HttpSessionActivationListener
The specification describes an
HttpSessionActivationListener interface. Attributes
requiring notification before or after migration can implement
this. The container will call their willPassivate()
method just before passivation, thus giving them the chance to
e.g. release non-serialisable resources. Immediately after
activation the container will call their
didActivate() method, giving them the chance to
e.g. reacquire such resources. (SRV.7.7.2, SRV.10.2.1, SRV.15.1.7,
SRV.15.1.8). Support for a number of other such listeners are
required in a compliant implementation, but these are not directly
related to session migration.
HttpSession Affinity
Given that:
-
Multiple instances of a distributable webapp will be running
in multiple different JVMs within our proposed cluster
-
A client browser may throw multiple concurrent requests
for the same session at this cluster
-
The spirit of the specification and performance
requirements call for such a grouping of requests to be
processed concurrently, rather than serially,
we can see that any implementation must resolve these
apparently contradictory issues satisfactorily.
The Servlet Specification states:
"All requests that are part of a session must be handled by
one Java Virtual Machine (JVM) at a time." (SRV.7.7.2).
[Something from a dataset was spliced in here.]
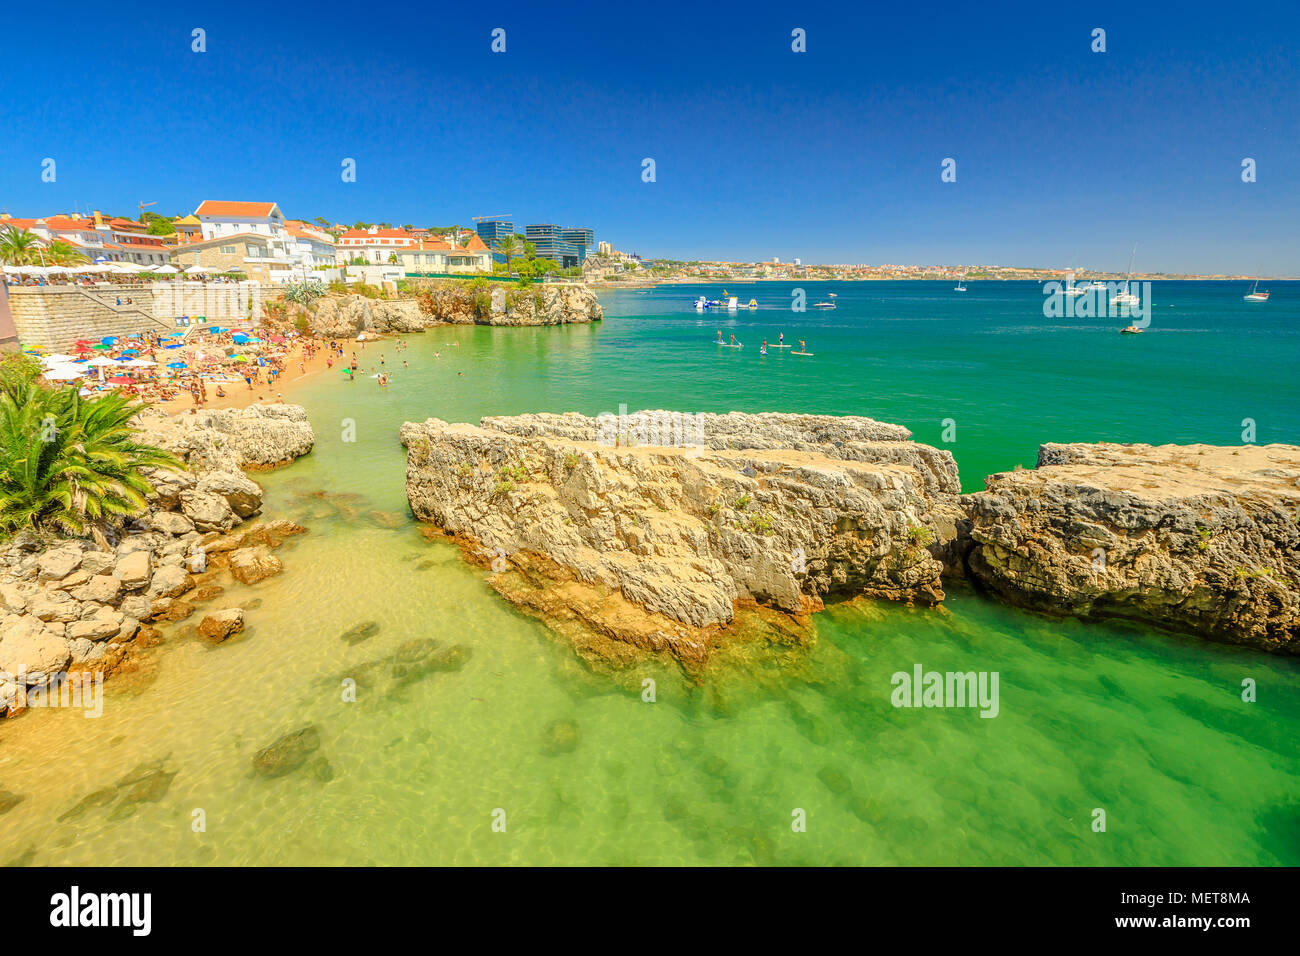 Paysage pittoresque de Praia da Rainha, petite plage avec des rochers dans le centre de Cascais, Portugal. Vue aérienne de la Côte de Lisbonne. Les gens à bronzer et à vous baigner dans la mer turquoise pendant les vacances.Copy space Banque D'Images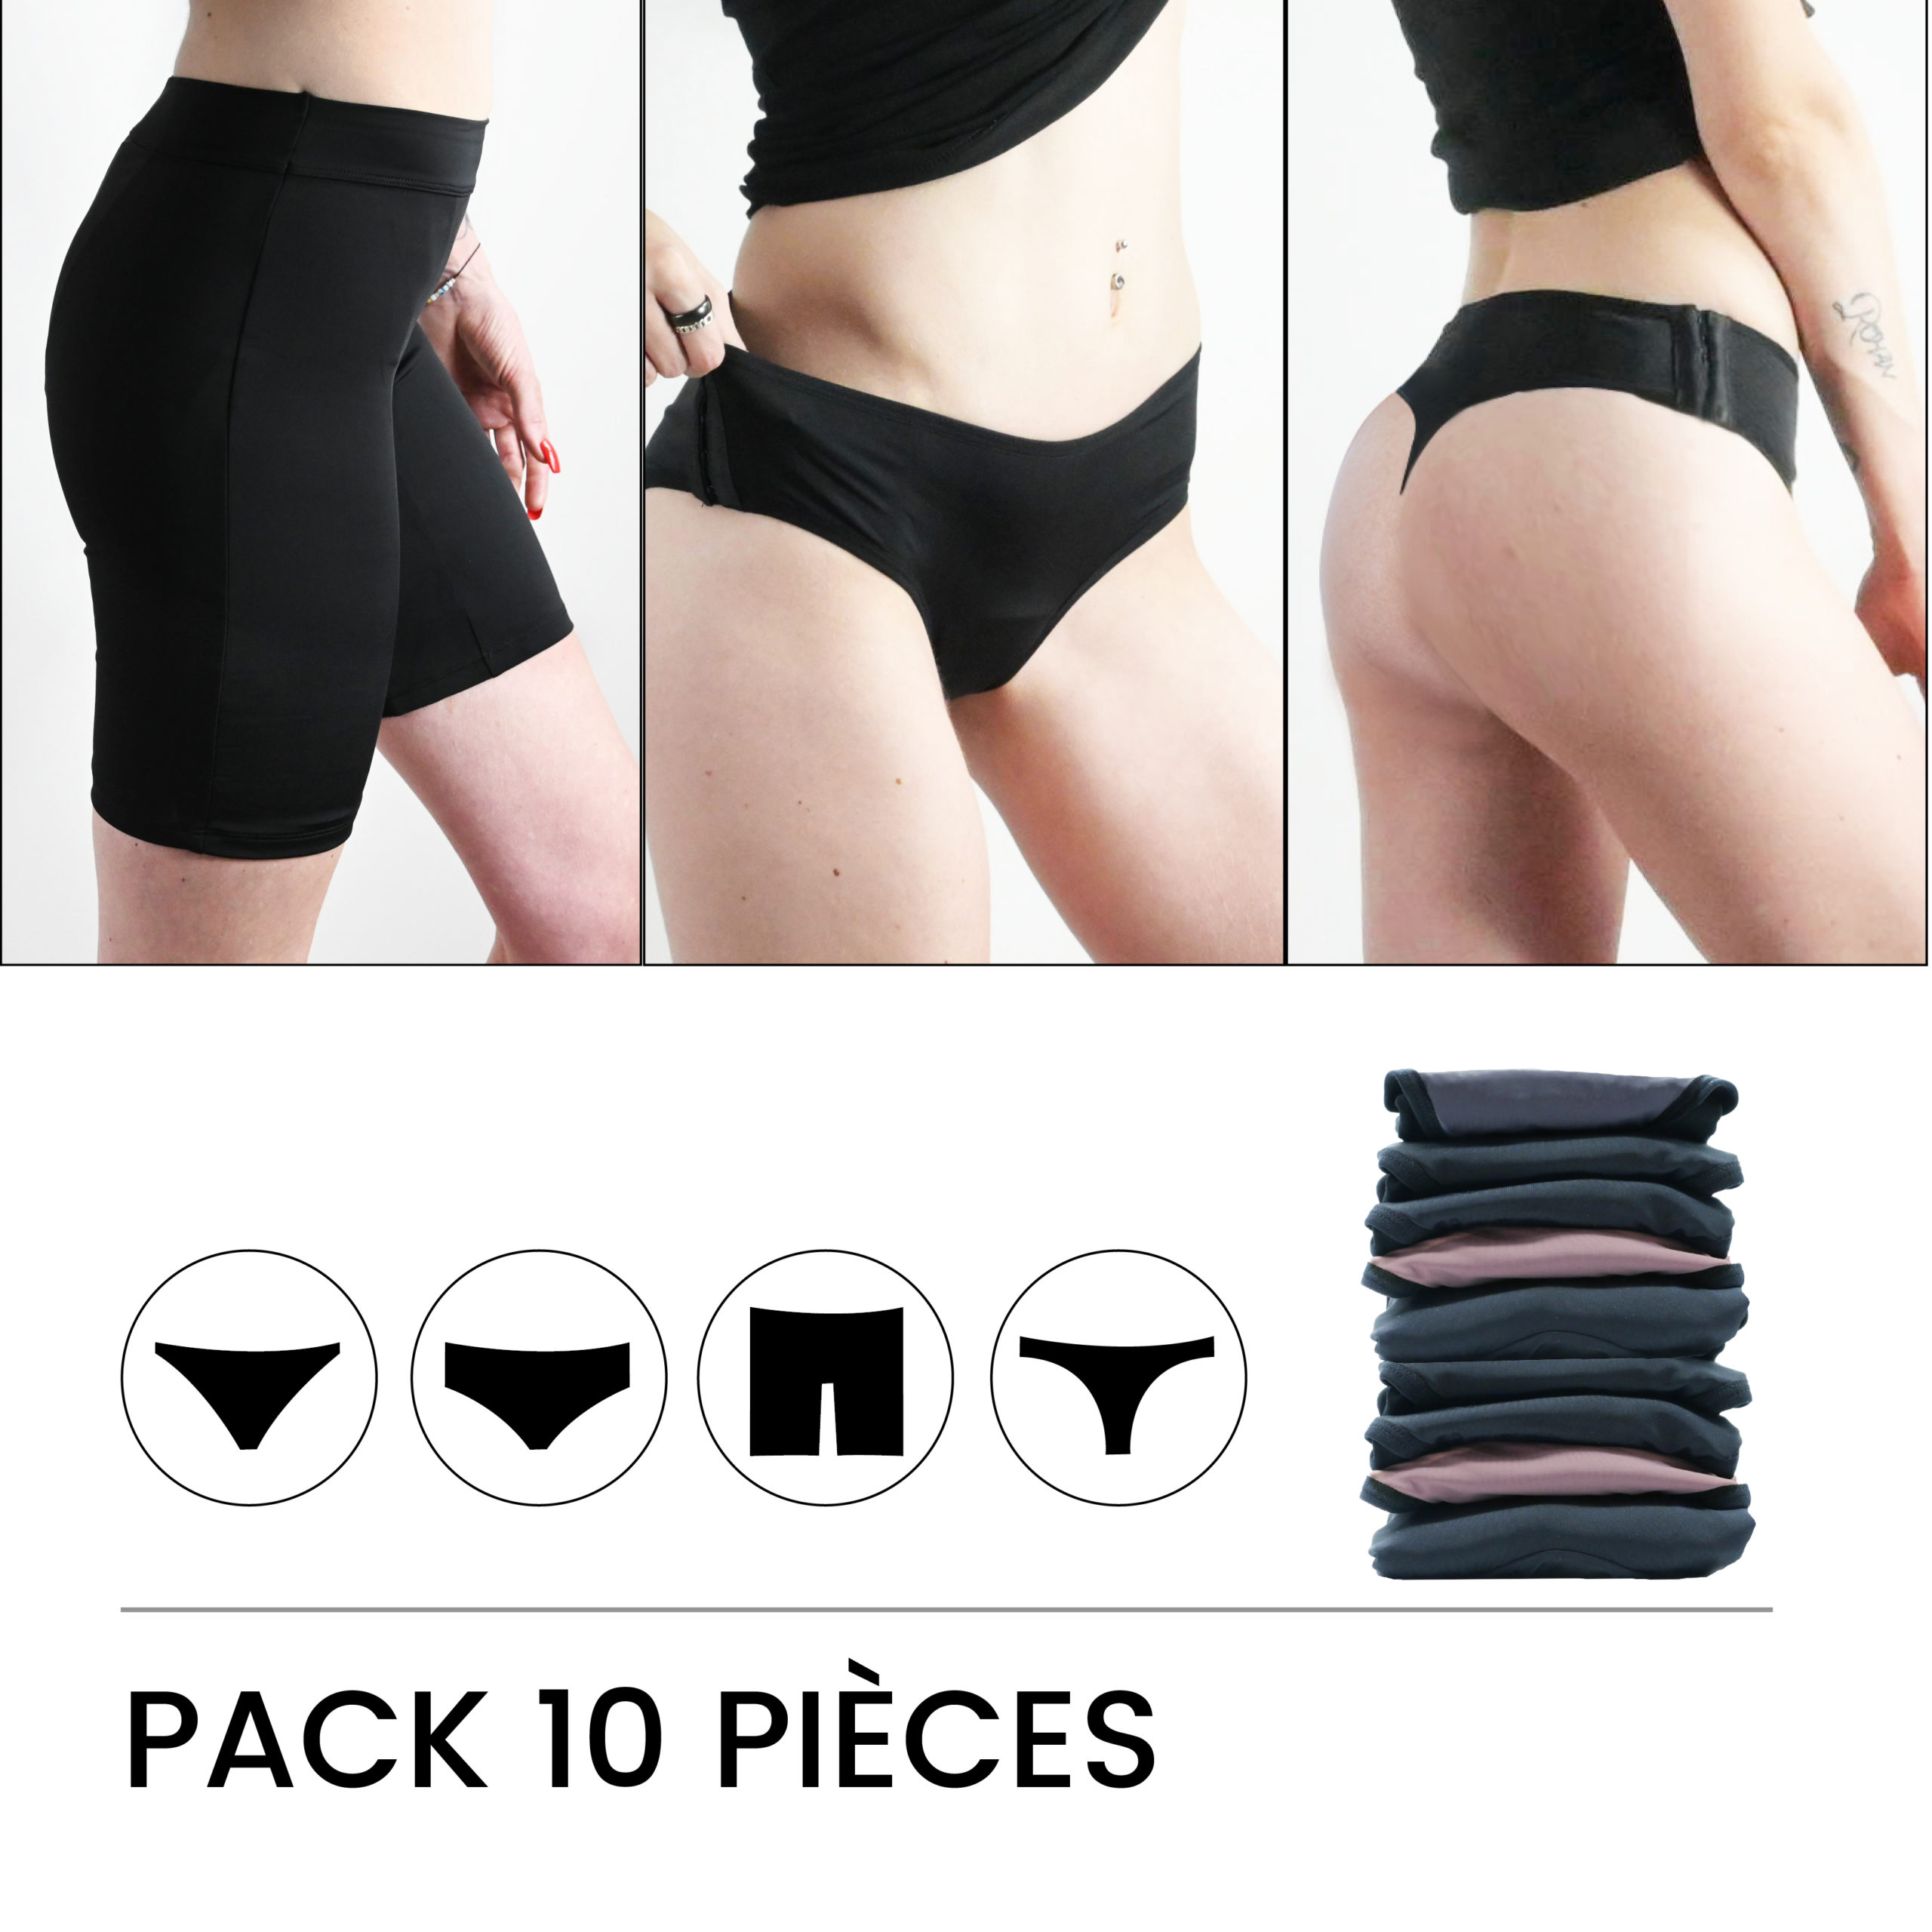 Pack 10 culottes menstruelles ADO au choix - taille 12 ans à 16 ans

The intention of this statement is to resolve such
concurrency issues. It prunes the tree of possible
implementations substantially, insisting that all concurrent
requests for a particular session are delivered to the same
node.
Delivering requests for the same session to the same node is
known variously as 'session affinity', 'sticky sessions',
persistent sessions' etc., depending on your container's
vendor. The specification is trading complexity in the
web-container tier for complexity in the load-balancer
tier. This added requirement will impact the latency of this
tier, in that the load-balancer will generally need to parse the
uri or headers of each http request travelling through it (in a
non-encrypted form) in order to extract the target session
id. However, the reduction of potentially awkward concurrency
issues/race conditions in the web-container tier is a gain
considered worth this sacrifice.
It is worth noting that, since we have now introduced a
requirement for the load-balancer tier to have knowledge of
the location of httpsessions within the web-container tier,
the ability to 'migrate' these objects may, therefore,
require a certain amount of coordination between the two
tiers.
Background Threads
The previous requirement reduces our problem from race
conditions between distributed objects in different JVMs, to a
situation where we simply have to manage coordination between
multiple threads in the same JVM. The purpose of this
coordination is to ensure that access to container managed
resources that are available to multiple concurrent application
space threads is properly synchronised.
Whilst the container has implicit knowledge about any thread,
executing application code, for the lifecycle of which it is
responsible (i.e. request threads), it has no control over any
thread that is entirely managed by application code - Background
thread. Such threads might execute across request boundaries,
accessing otherwise predictably dormant resources that might
otherwise be passivated or migrated elsewhere.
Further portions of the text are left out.